Property	Default	Description
`chartsearchai.auditLogRetentionDays`	`90`	Audit log entries older than this are purged daily. Set to `0` to retain all

6. Grant privileges

Privilege	Purpose
AI Query Patient Data	Execute chart search queries
View AI Audit Logs	Access the audit log endpoint

7. Indexing

When chartsearchai.embedding.preFilter is true (default), patient records are automatically indexed on first chart access for whichever retrieval pipeline is active. Subsequent data changes trigger automatic re-indexing via AOP hooks on encounter, obs, condition, diagnosis, allergy, order, program enrollment, medication dispense, and patient merge operations.

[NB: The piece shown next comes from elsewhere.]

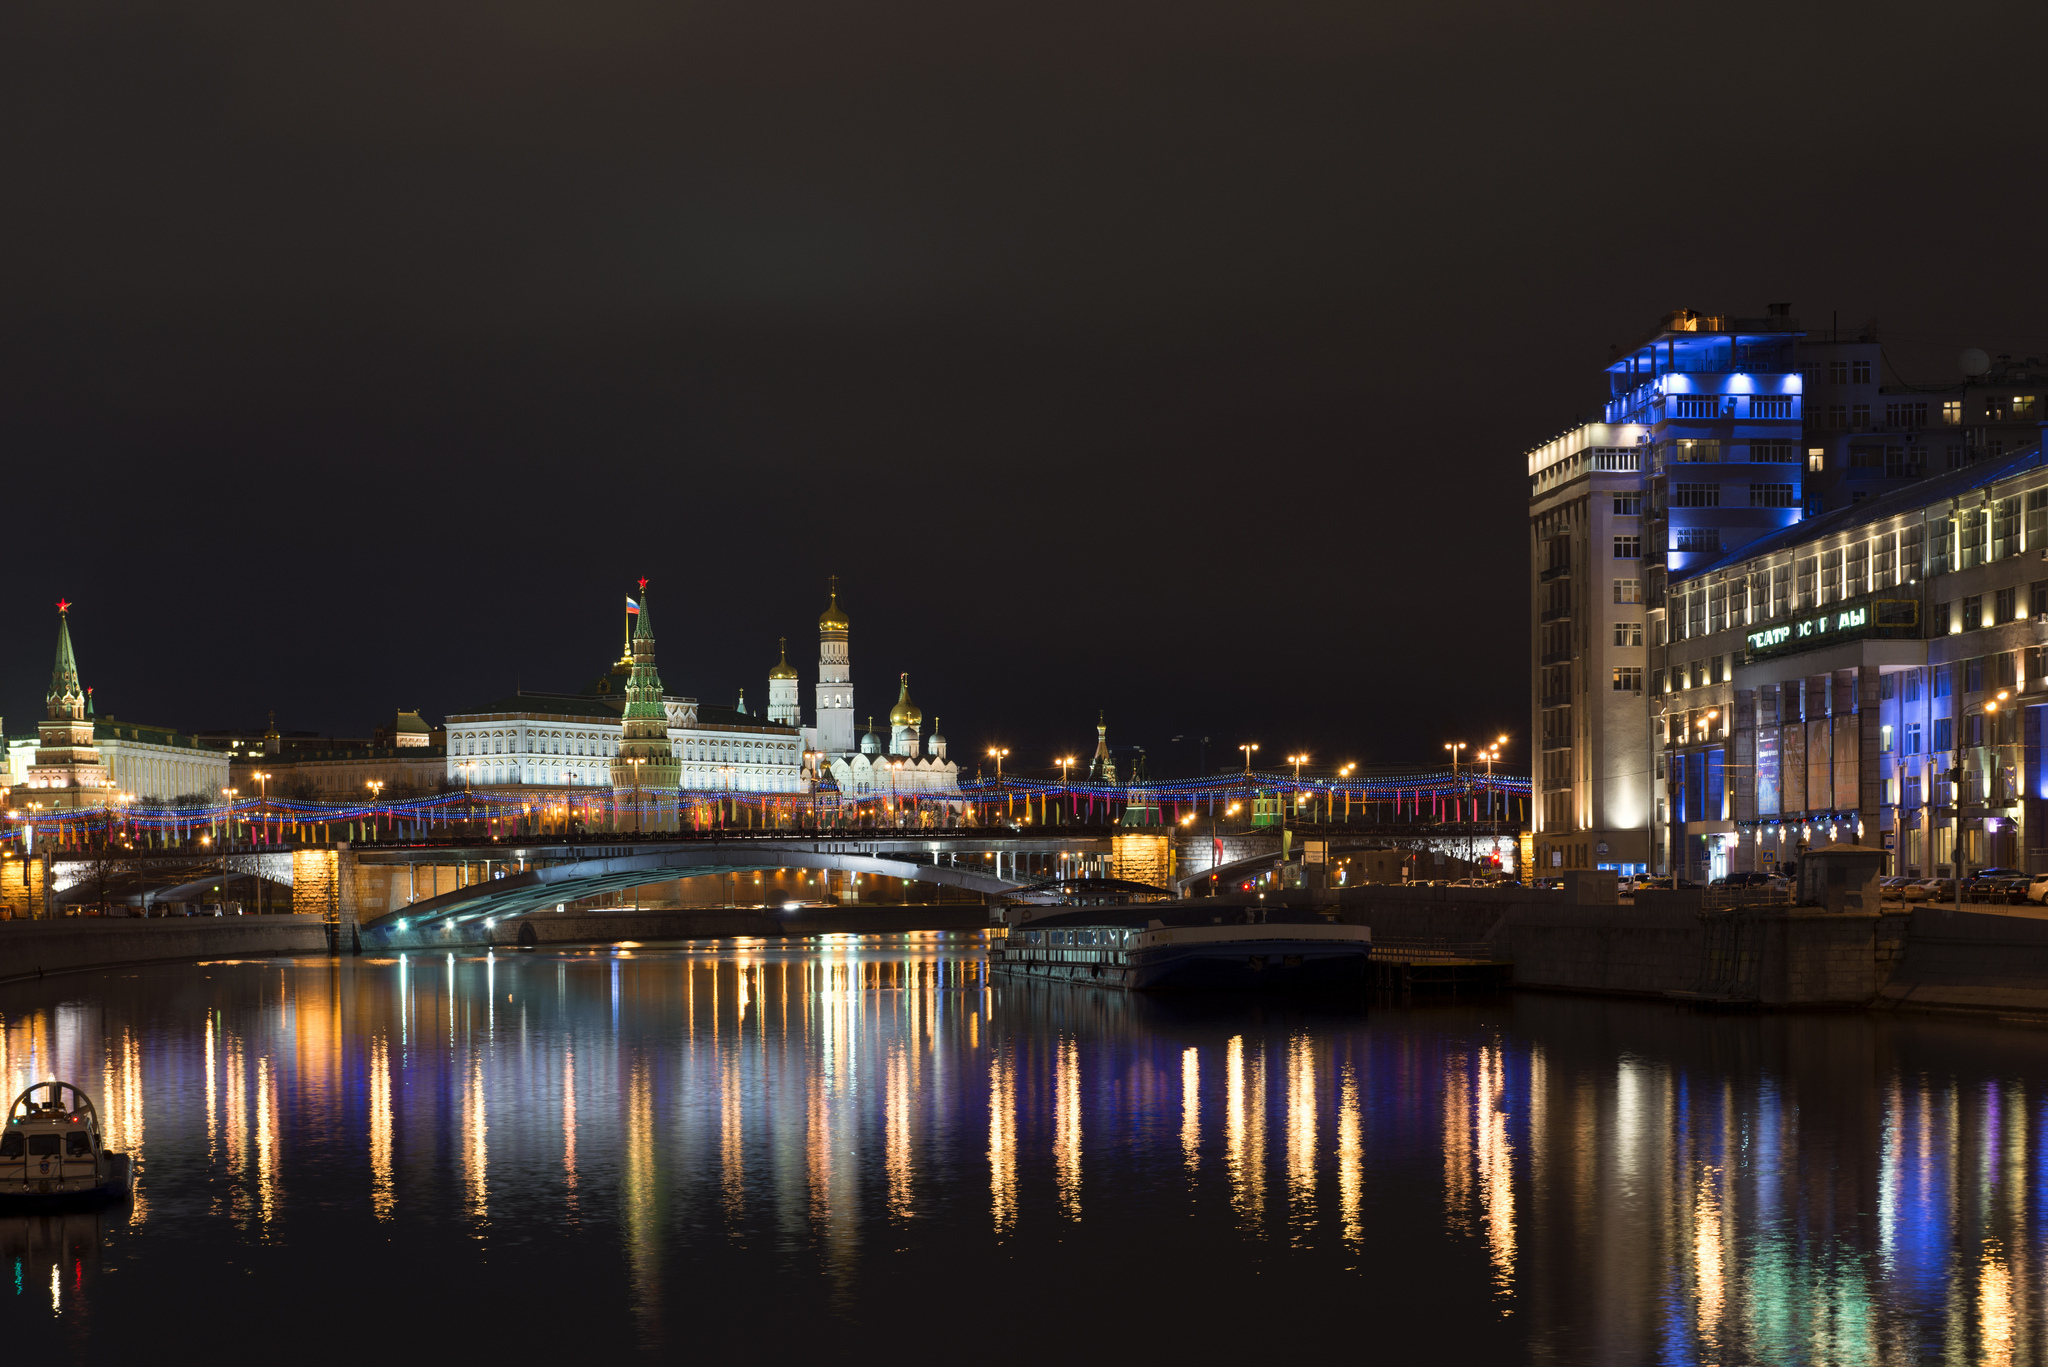 Почему 7 вечер. Москоу Сити река Москва. Москва река Москва Сити ночью. Ночная Москва-река вид с теплохода.
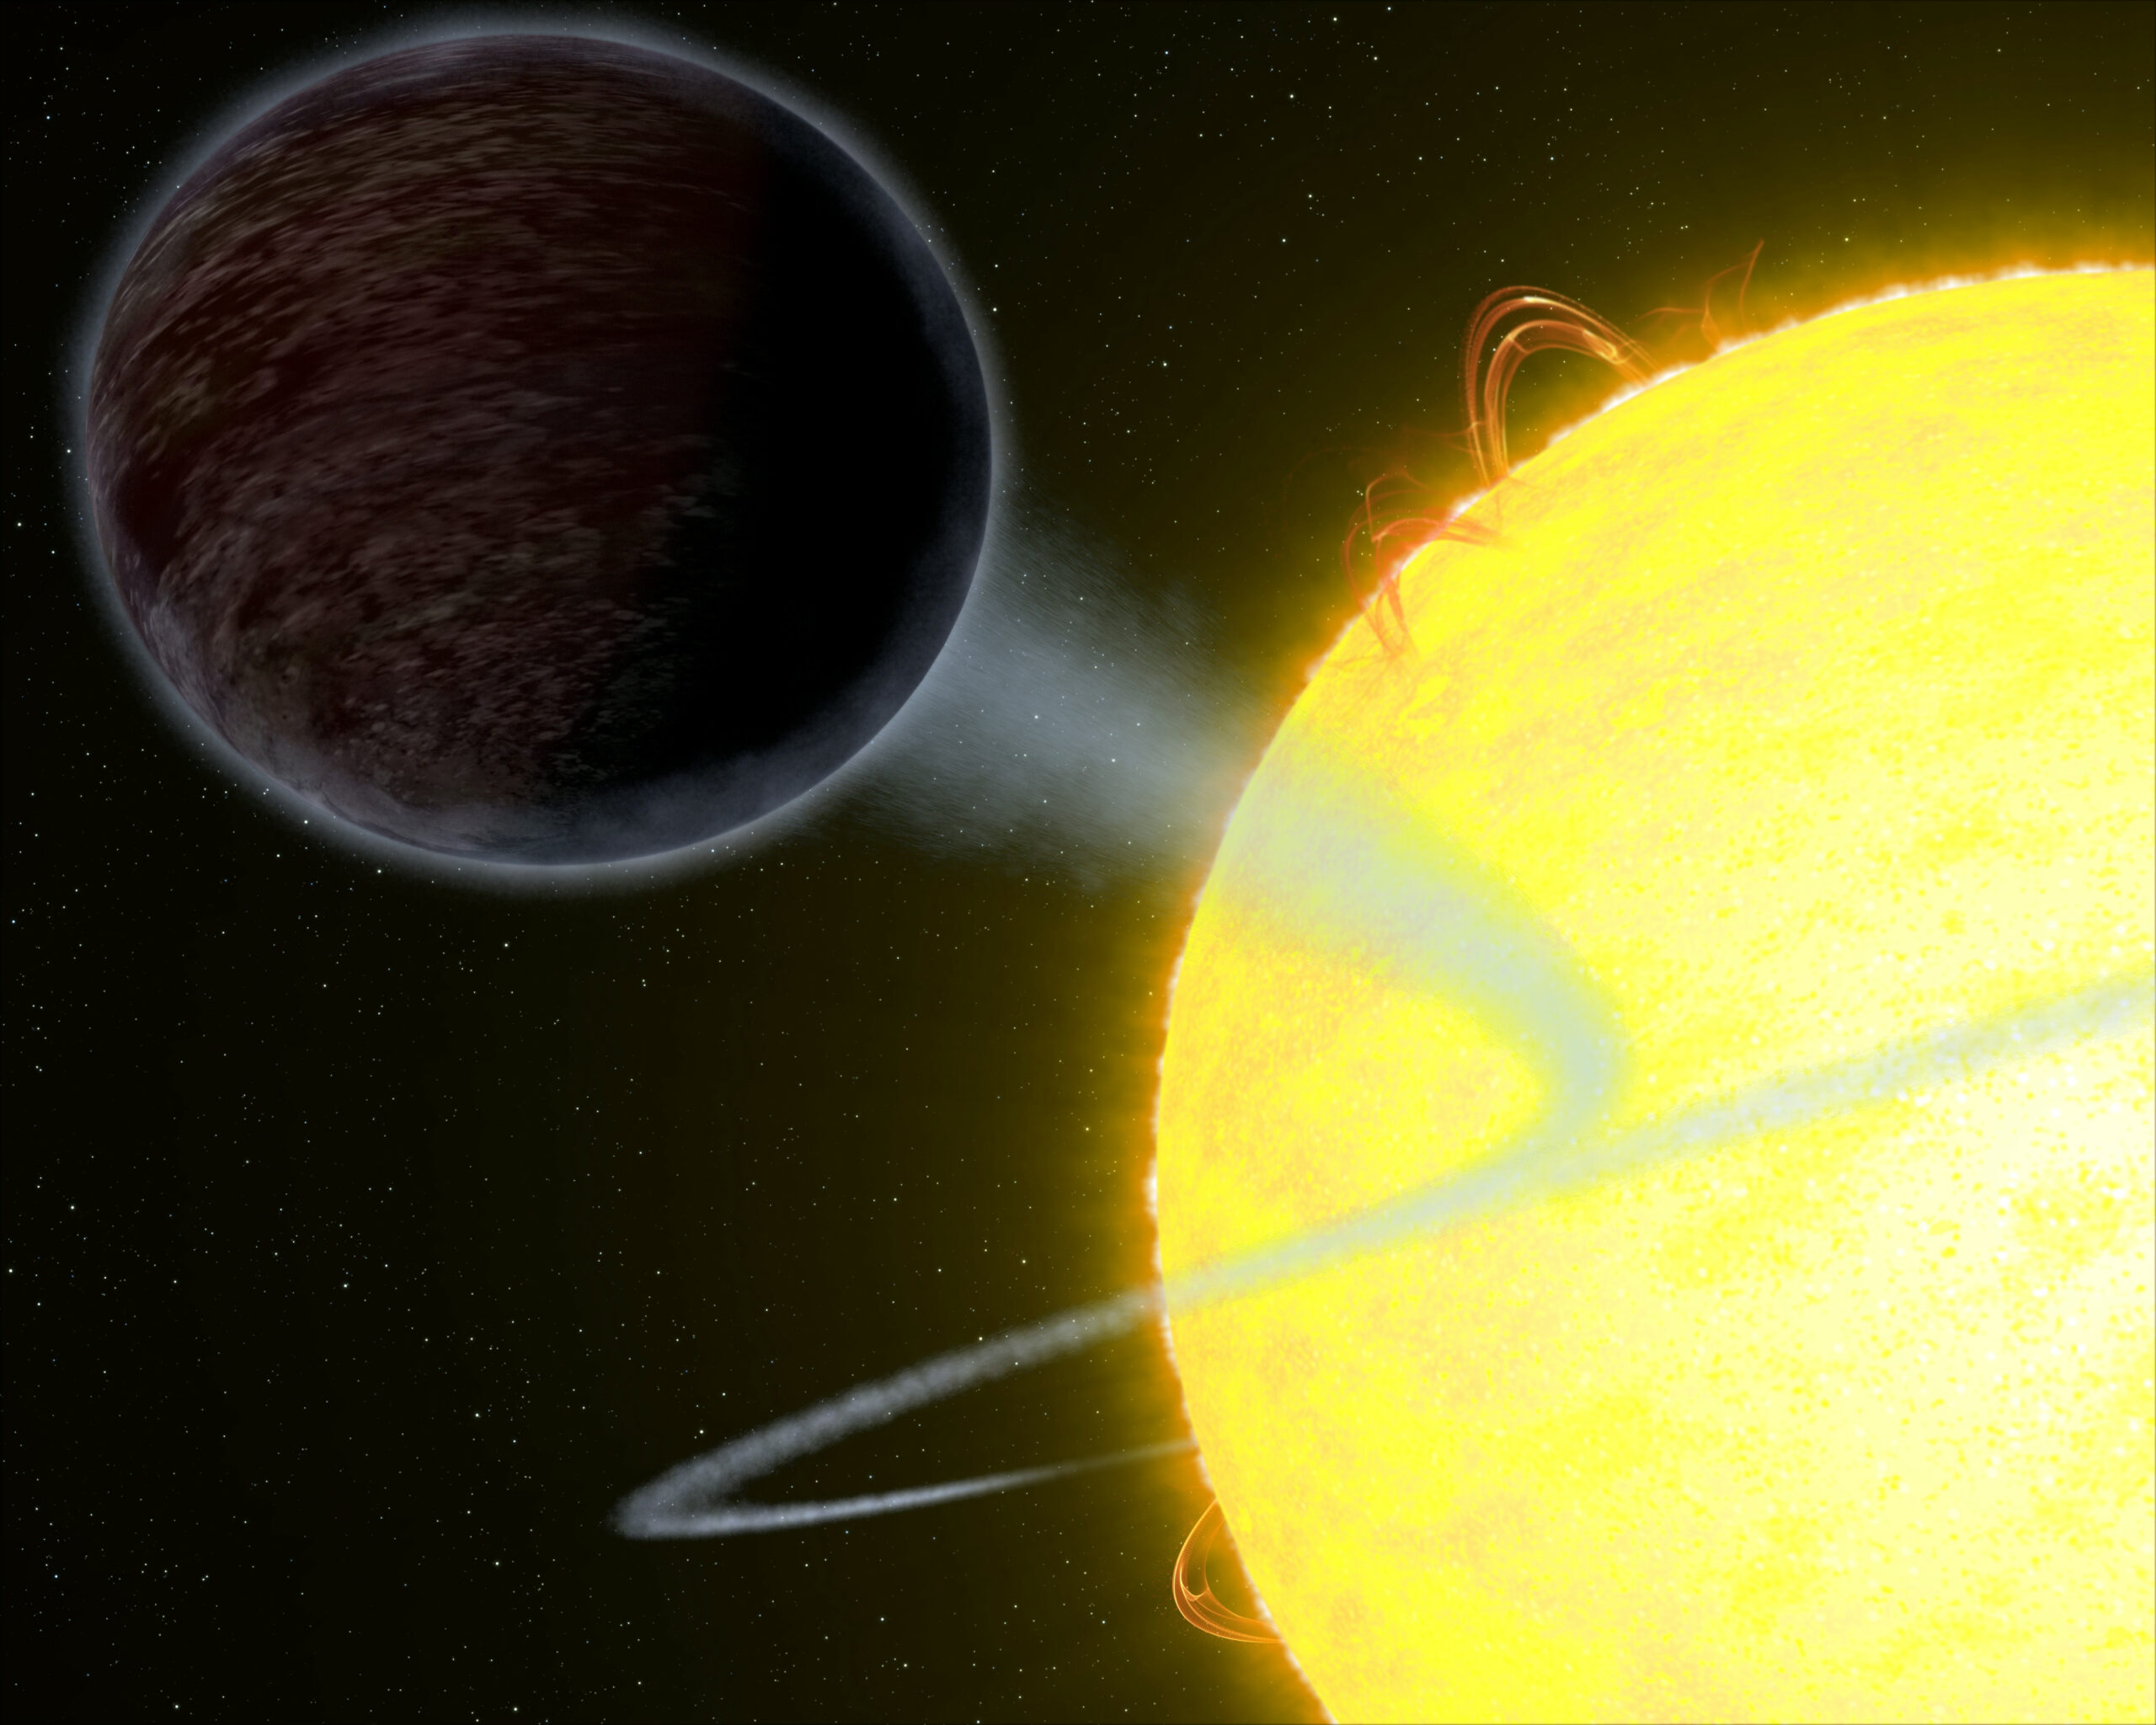 WASP-12b exoplanet

Embedding pipeline (default): Uses an ONNX embedding model for vector similarity search. A bulk backfill task ("Chart Search AI - Embedding Backfill") is available in Admin > Scheduler > Manage Scheduler to pre-index all patients. The default model is all-MiniLM-L6-v2 (general-purpose, 384 dimensions). Any BERT-based ONNX embedding model can be used as a drop-in replacement by updating chartsearchai.embedding.modelFilePath and chartsearchai.embedding.vocabFilePath. Embedding dimensions are auto-detected from the model output, so models with any dimension size work without code changes. After switching models, existing embeddings are incompatible — run the backfill task to re-index all patients with the new model.

Lucene pipeline (chartsearchai.retrieval.pipeline=lucene): Uses Apache Lucene BM25 text search with English stemming. No ONNX model files are required. The Lucene index is stored at <openmrs-application-data-directory>/chartsearchai/lucene-index/ and is built automatically on first patient access. This pipeline is simpler to set up (no model download needed) and may be preferred for environments where the ONNX model is unavailable.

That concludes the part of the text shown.